Mechanism allows analysis of sensitive information without compromising data ownership
Africa’s population cohort studies are set to test a novel way of sharing their data: keeping the data at home and bringing the analysis to them.
That’s the idea behind TRE in a Box, a ‘trusted research environment’ about to be trialled in the African Population Cohorts Consortium. The tool is designed to help African cohorts take part in big, international studies while maintaining control of their data and staying on the right side of national laws.
The APCC brings together 67 population cohorts in 21 African countries, supported by a secretariat with a programme manager and a stakeholder engagement officer. TRE in a Box has been developed to overcome data-sharing challenges within the network, Kobus Herbst, APCC interim steering committee co-chair, told a 28 May webinar to update network stakeholders on its progress.
“Data sovereignty is a hot topic at the moment in Africa, and I think we are ahead of the curve by establishing the capability of bringing analysis to the data rather than sending data outside of our institutions and our countries,” Herbst told the webinar.
Secure environment
TRE in a Box will give each cohort a secure environment in which approved researchers can analyse data, manage provenance and metadata, and integrate findings across studies, all without data leaving the cohort’s own infrastructure. “You have absolutely full control on what goes in there and what goes out of it,” said Herbst.
A prototype has been developed, he said, and an introductory workshop is planned for August, likely in Nairobi, to give selected cohorts hands-on experience before they begin piloting the system.

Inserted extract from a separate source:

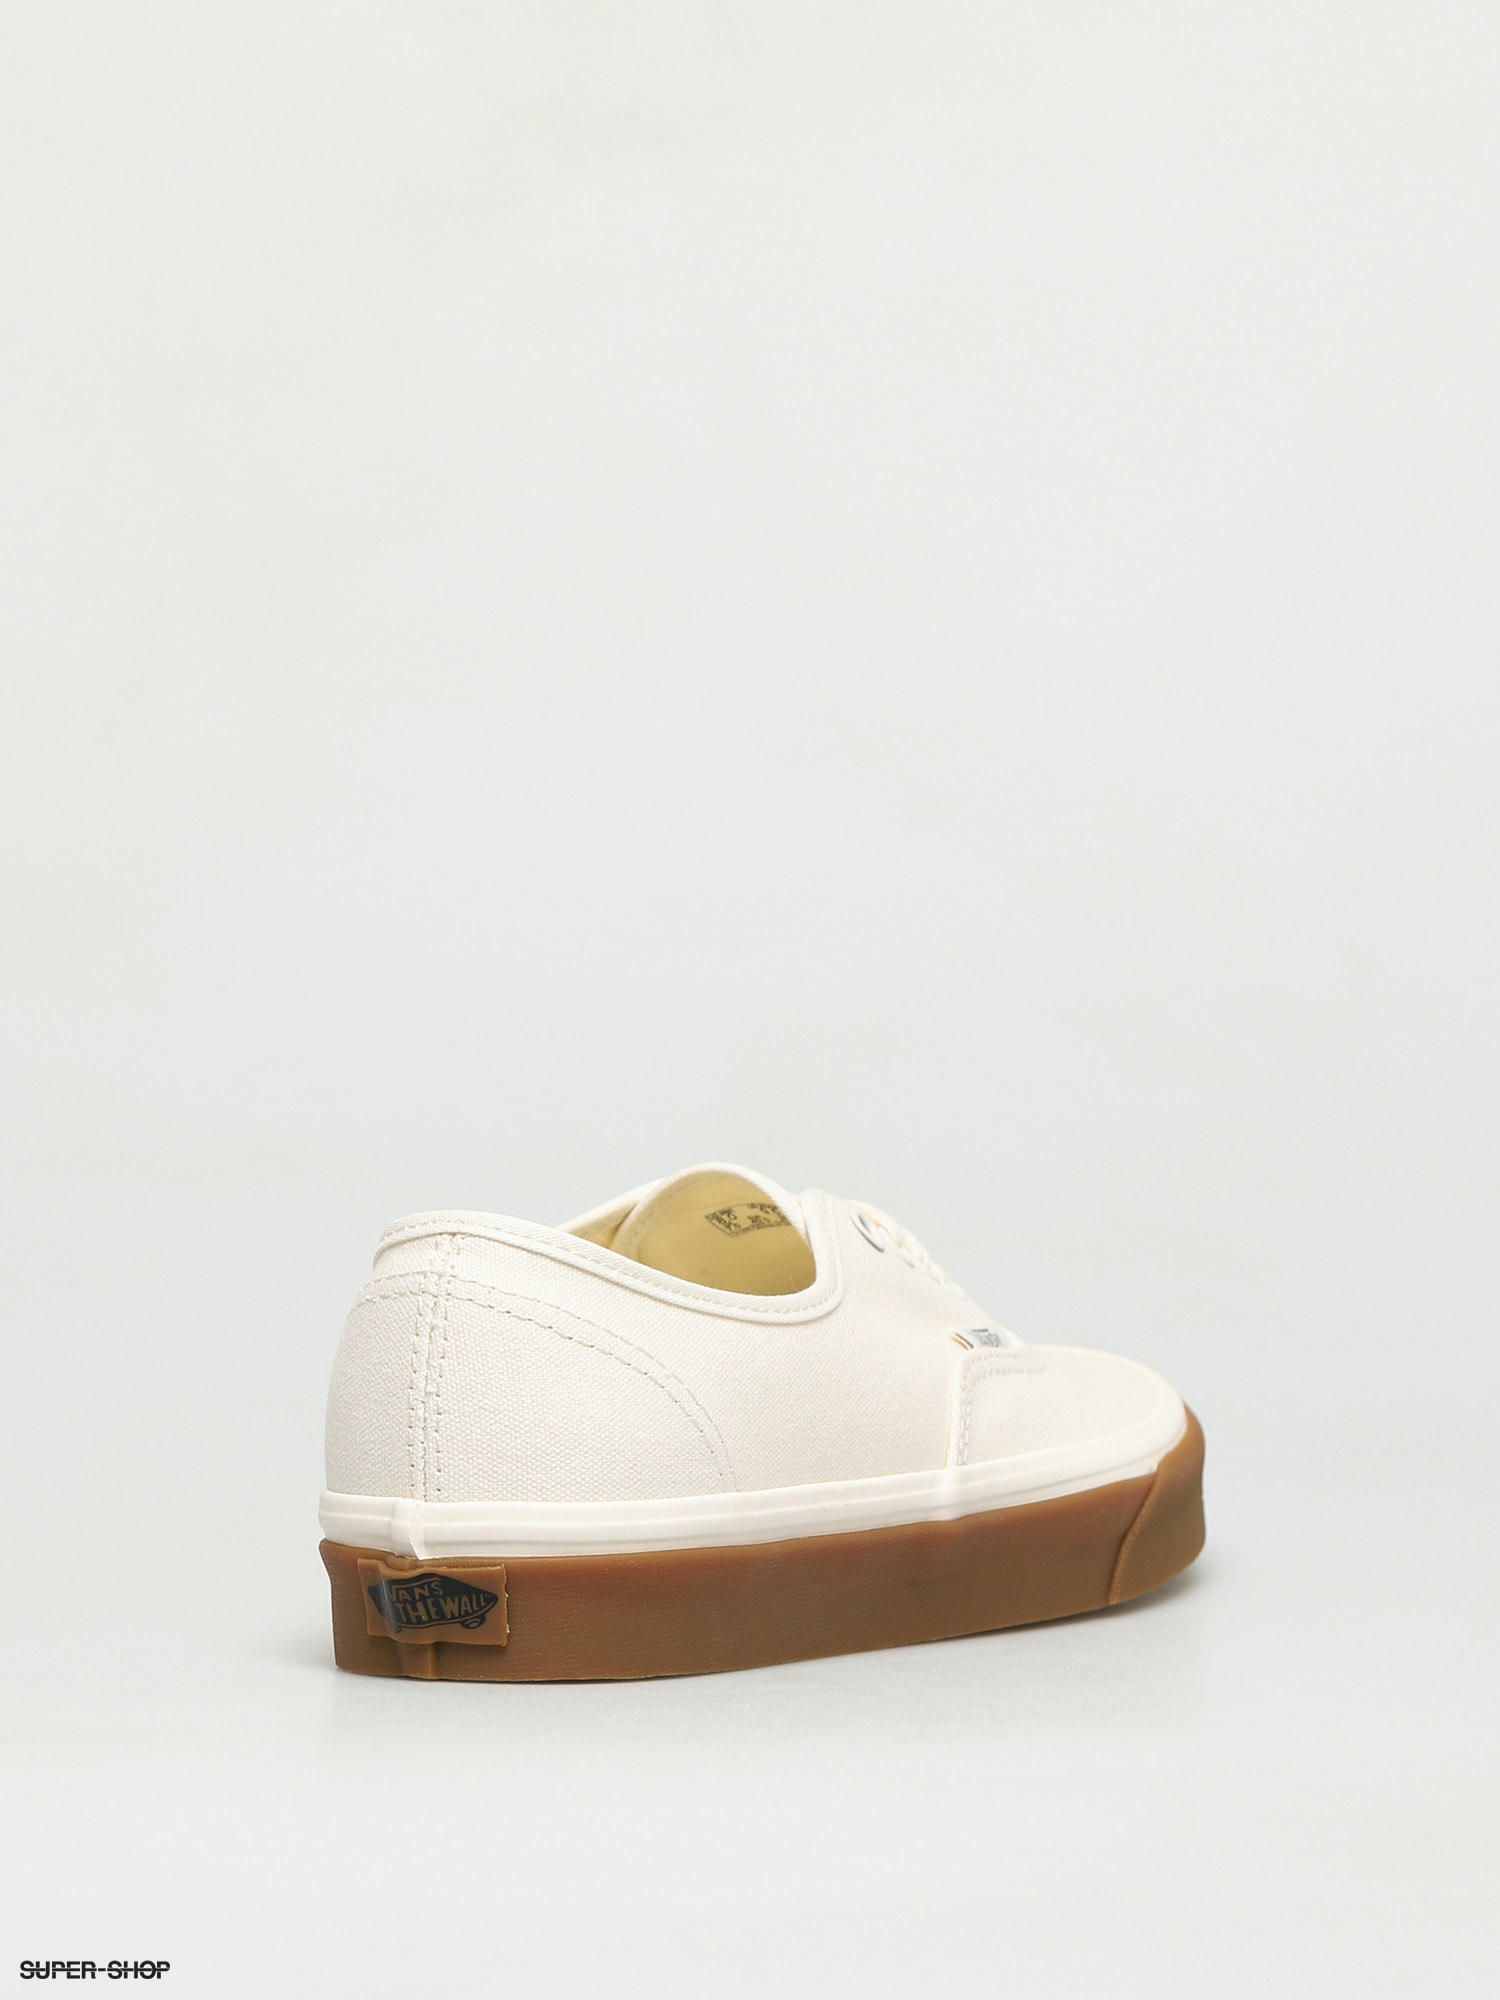 vans authentic white canvas skate shoes

The long-term ambition is to link these environments to allow federated, multi-cohort analysis.
The push for better data infrastructure is closely tied to the APCC’s scientific plans. A flagship project, Gen-Impact, funded by the Wellcome Trust, will deep-phenotype and genotype 10,000 participants from APCC cohorts covering under-studied African populations, examining how genes and environment interact in the burden of non-communicable and infectious diseases. It will support five sub-studies of about 2,000 participants each, with about US$1 million per sub-study.
The APCC is also developing work on climate and health research and universal health coverage indicators within cohorts as it continues to build out its data science capacity. Monthly webinars will continue as the data system evolves, and the consortium’s ethics and legal teams will keep liaising with institutions to refine the rules around data visiting and joint projects, the webinar heard.